I hope this is the right place to post this.
Background
-----------------
I have a debian box out in a datacenter that (amongst other things) is used
as a mail server. On particular office (behind a NAT firewall) access' user
email relatively often (about 20 users imapd-ssl).
Every so often these users from that site stop being able to access their
email (and web services hosted on the same box sharing the same IP address).
The frequency of failures ranges from a couple of days to a couple of weeks.
It happened again this morning. On a previous occasion I was able to
determine that the problem ONLY occurs if accessing from this office (i.e.
from behind the office's NAT router), accessing the box from other IP
address's (even from the same ISP and same subnet) continued fine. The
problem was also NOT the office NAT router (confirmed by rebooting the NAT
router). Then I resolved the problem by rebooting our box in the data
centre.
With todays problem I had a little more time to investigate the problem and
was able to tie it down to the firewall on the datacentre box (shorewall
running on debian etch kernel 2.6.18-4-amd64). Restarting shorewall caused
the problem to go away.
Hypothesis
-----------------
My gut feeling is that there is a problem with shorewall / net filter.

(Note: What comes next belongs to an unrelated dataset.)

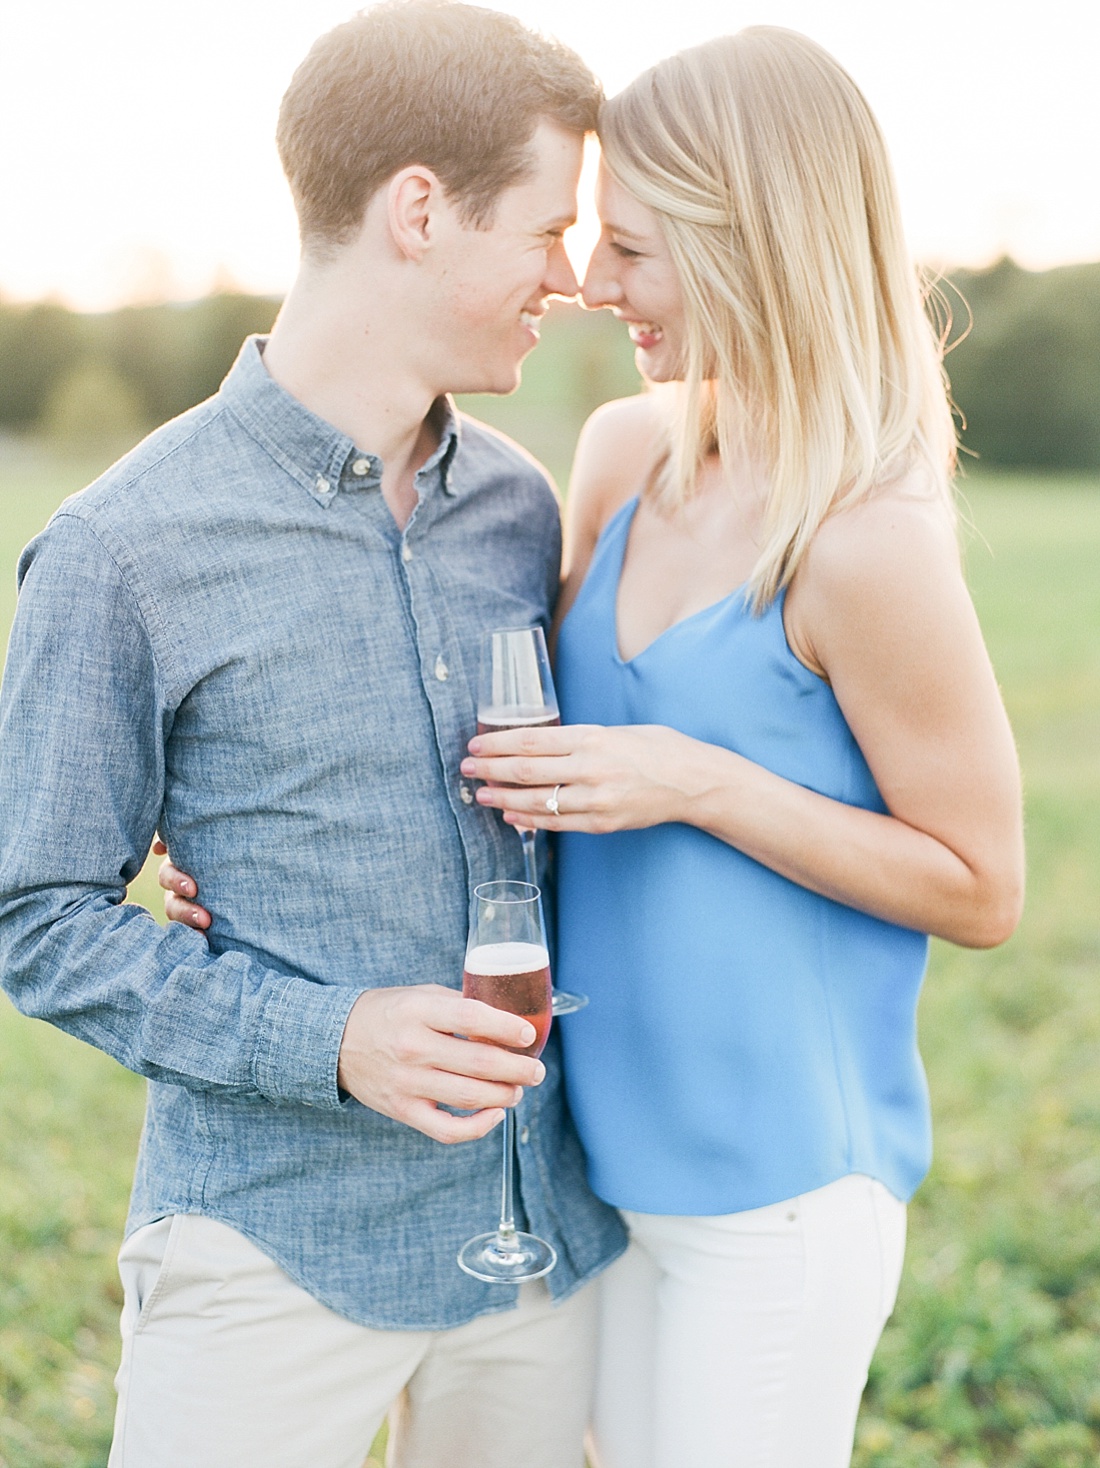 Middleburg, Virginia engagement session |photograph by Abby Grace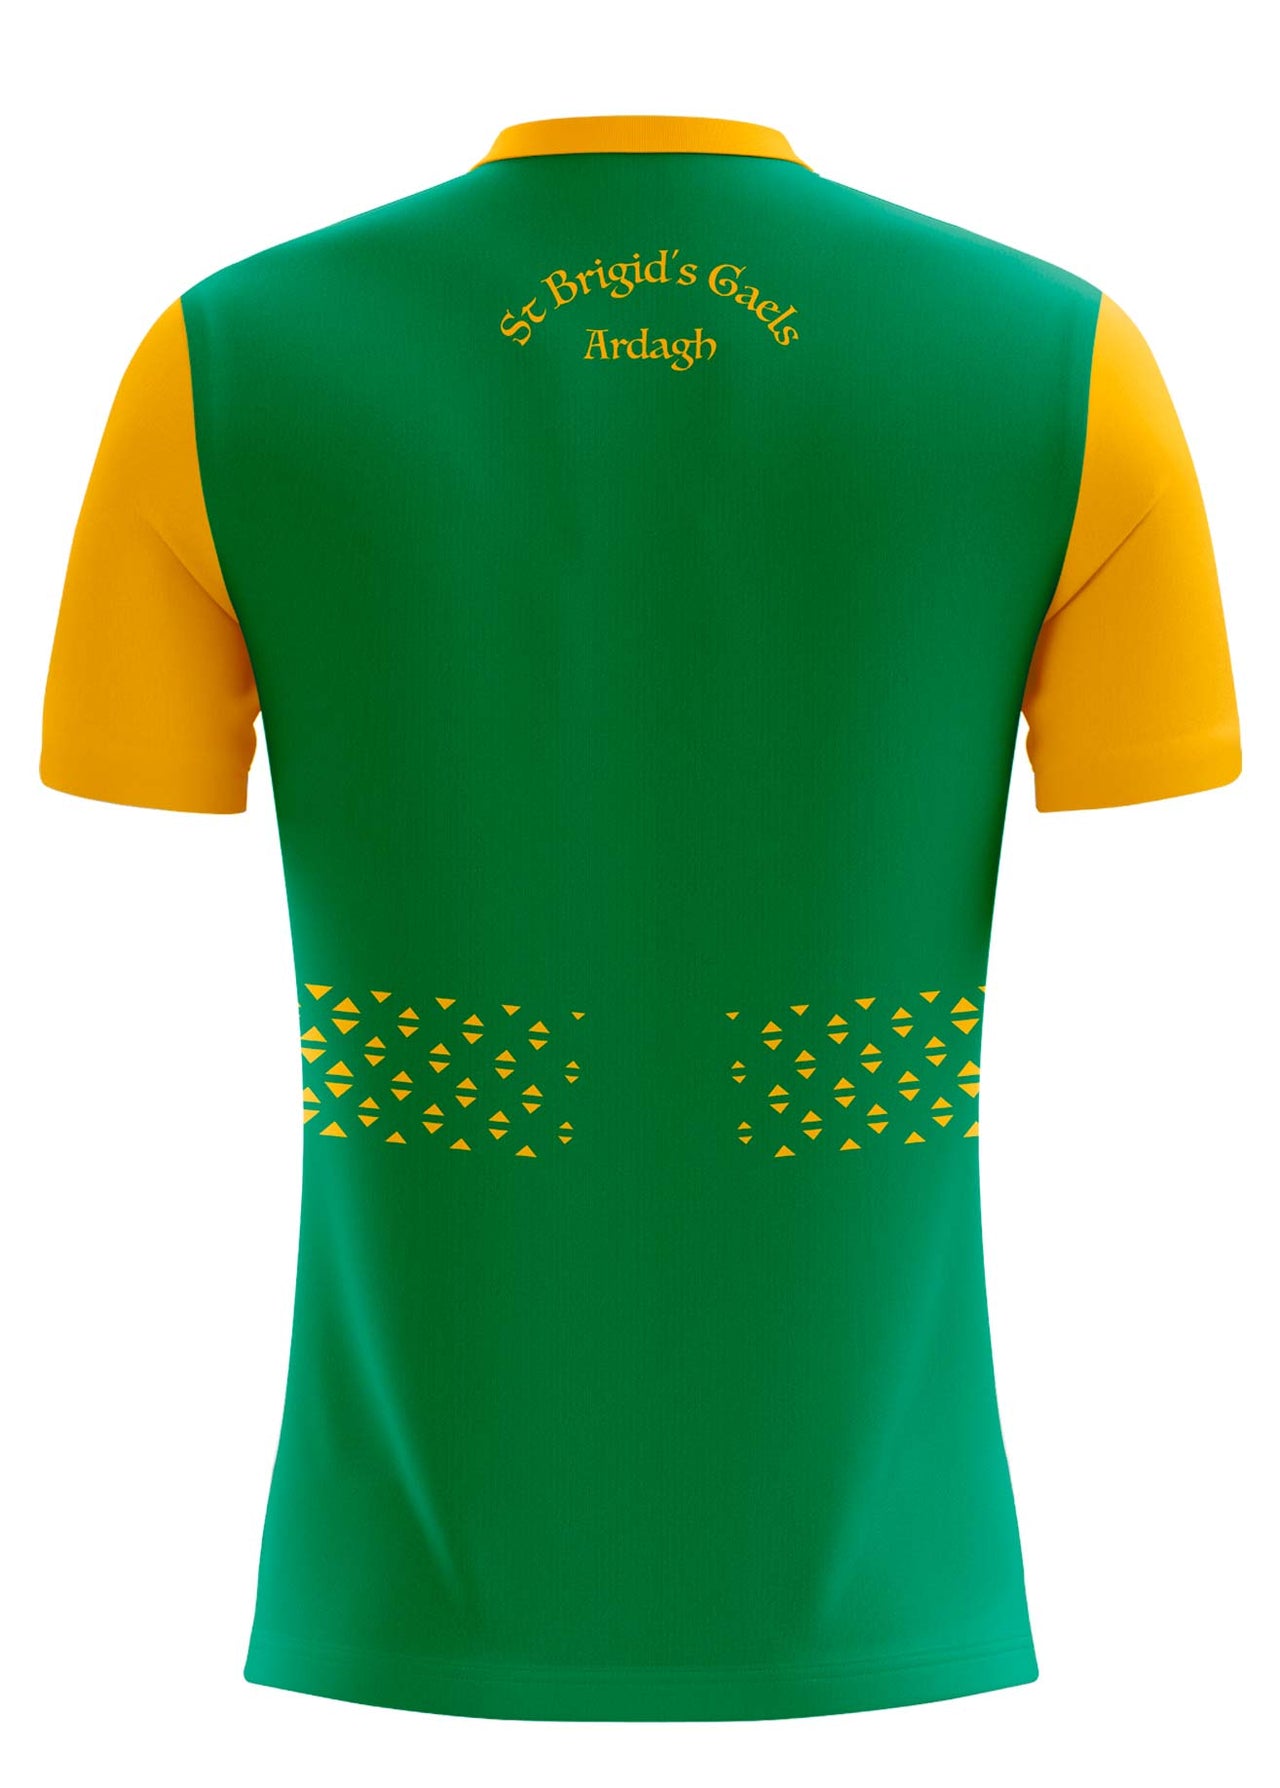 St Brigid's Gaels Ardagh Home Jersey Player Fit Adult

Specifically to do with multiple simultaionious sessions FROM a given IP
address (i.e. the NAT firewall at the office in question - which by the way
is another debian box). I suspect the problem is caused by too many open
connections from a given IP (perhaps to a specific port)?
Questions
--------------
1) What logging information should I be looking at to test this
hypothesis?
2) Has anyone come across a similar problem, and if so how did you overcome
it?
Kind regards
Andy